On Mon, 28 Sep 2020, Tom Hughes via devel wrote:
On 28/09/2020 15:57, Marius Schwarz wrote:
Am 28.09.20 um 13:47 schrieb Zbigniew Jędrzejewski-Szmek:
DNSSEC support in resolved can be enabled through resolved.conf.
Why isn't that the default, if this resolver can do it?
Because DNSSEC is a disaster area and if you try and use it on random networks you're going to get failed lookups on a reasonable number - it's fine if you're on a known network with decent upstream servers but once you start going out and using random WiFi hotspots and things it's a very different story.
And that's why DNS-Over-TLS (DoT) and DNS-over-HTTPS (DoH) are now being deployed. And why browsers are, contrary to Michael Catanzaro's wrong claim, overriding the system DNS already. See Mozilla's TRR program https://wiki.mozilla.org/Trusted_Recursive_Resolver and Google's chrome https://www.chromium.org/developers/dns-over-https
There have been very vocal discussion at the IETF of browsers vendors vs enterprise vendors on how good/bad DNS reconfigurations are. Some discovery methods, and a protocol for Adaptive DNS by Apple have been discussed at the IETF ADD working https://datatracker.ietf.org/wg/add/documents/
The real solution to the requirement for following spoofed DNS answers to login to captive portals is to have a container with the "uplink" and a sandboxed browser inside it handling the captive portal.

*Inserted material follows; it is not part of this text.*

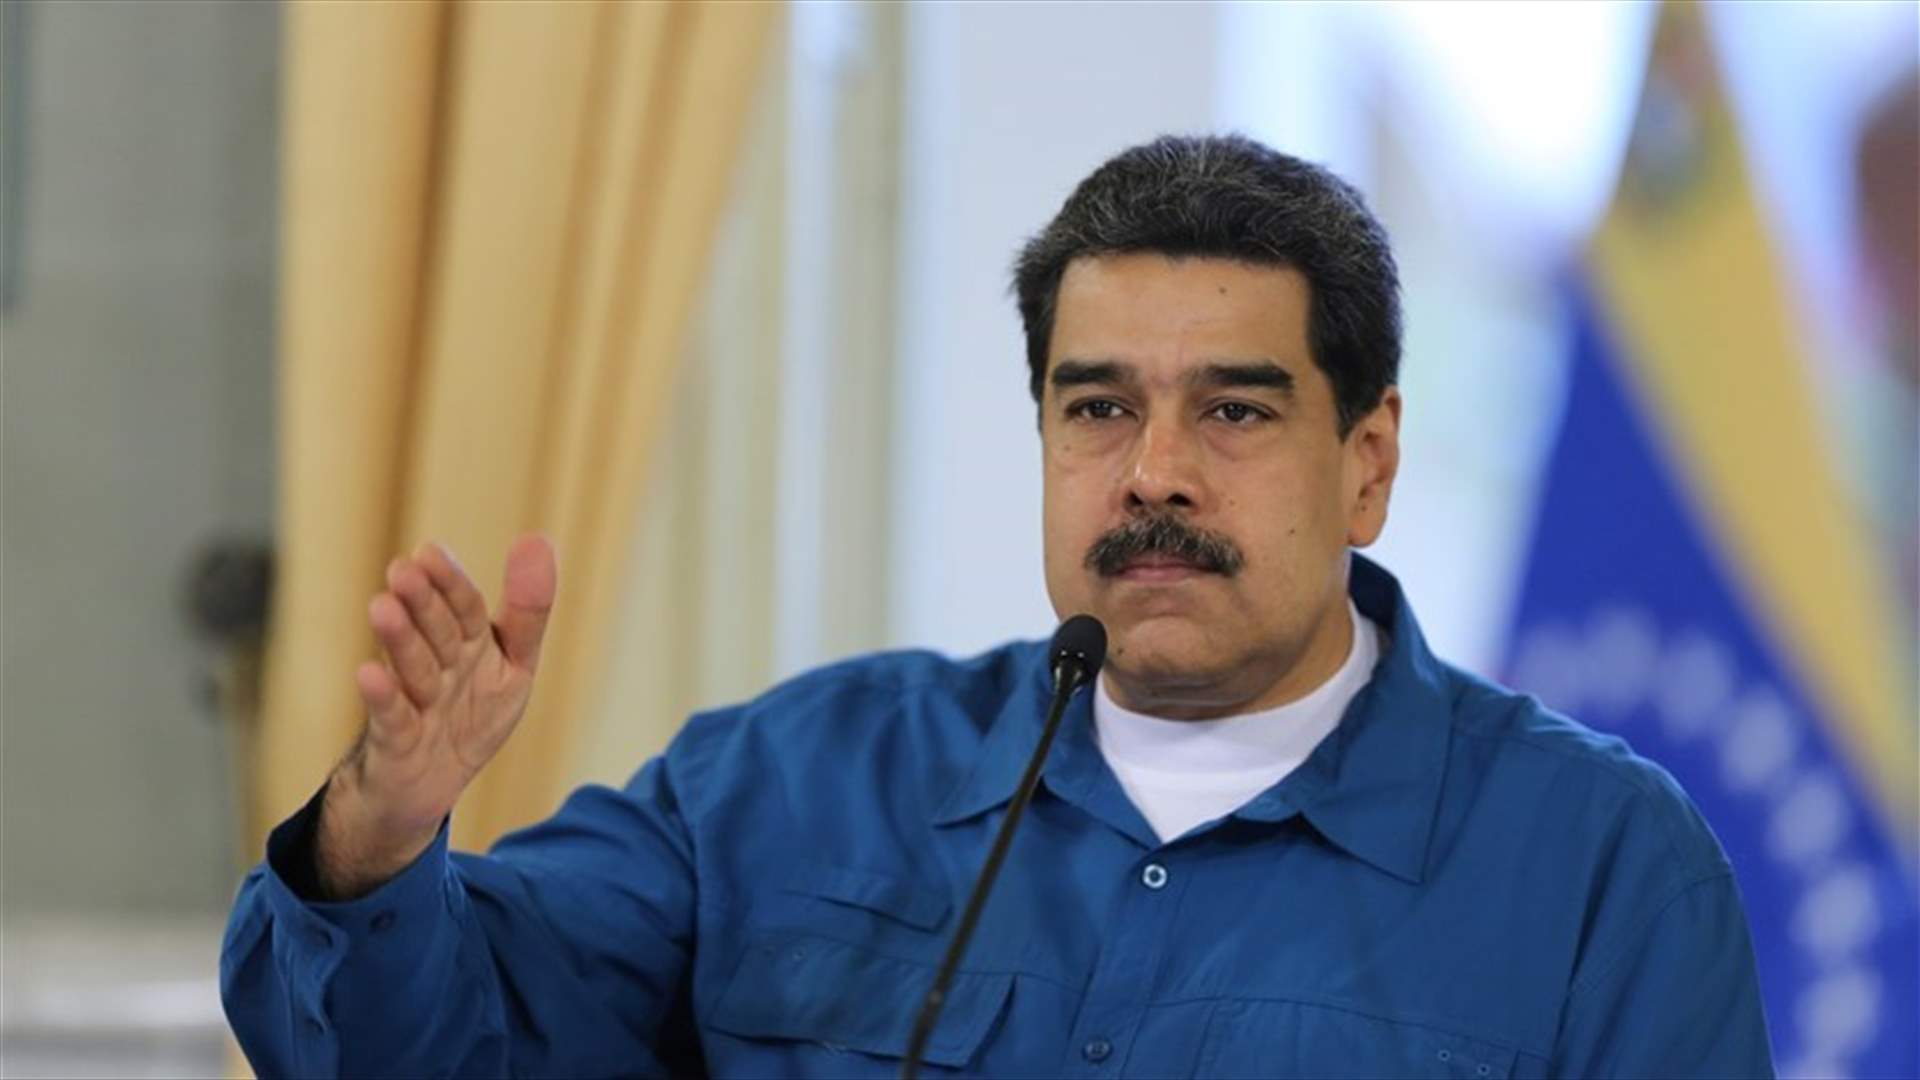 الرئيس الفنزويلي يريد اتفاقا اجتماعيا واسعا مع المعارضة في فنزويلا

Once the captive portal part is done, you either use the network's DNS server, or the user provided one. And maybe change it based on testing the given DNS server in some way, using one of the ADD IETF protocols. And only then mark the network as "up" to all other applications. Or if the user prefers, only use the local DNS for portal authentication and once there is a clean internet link, use DoH or DoT to a known truted (non-coffeeshop) DNS server.
What we do not need is systemd-resolved making up its own incompatible and unsuspected protocols.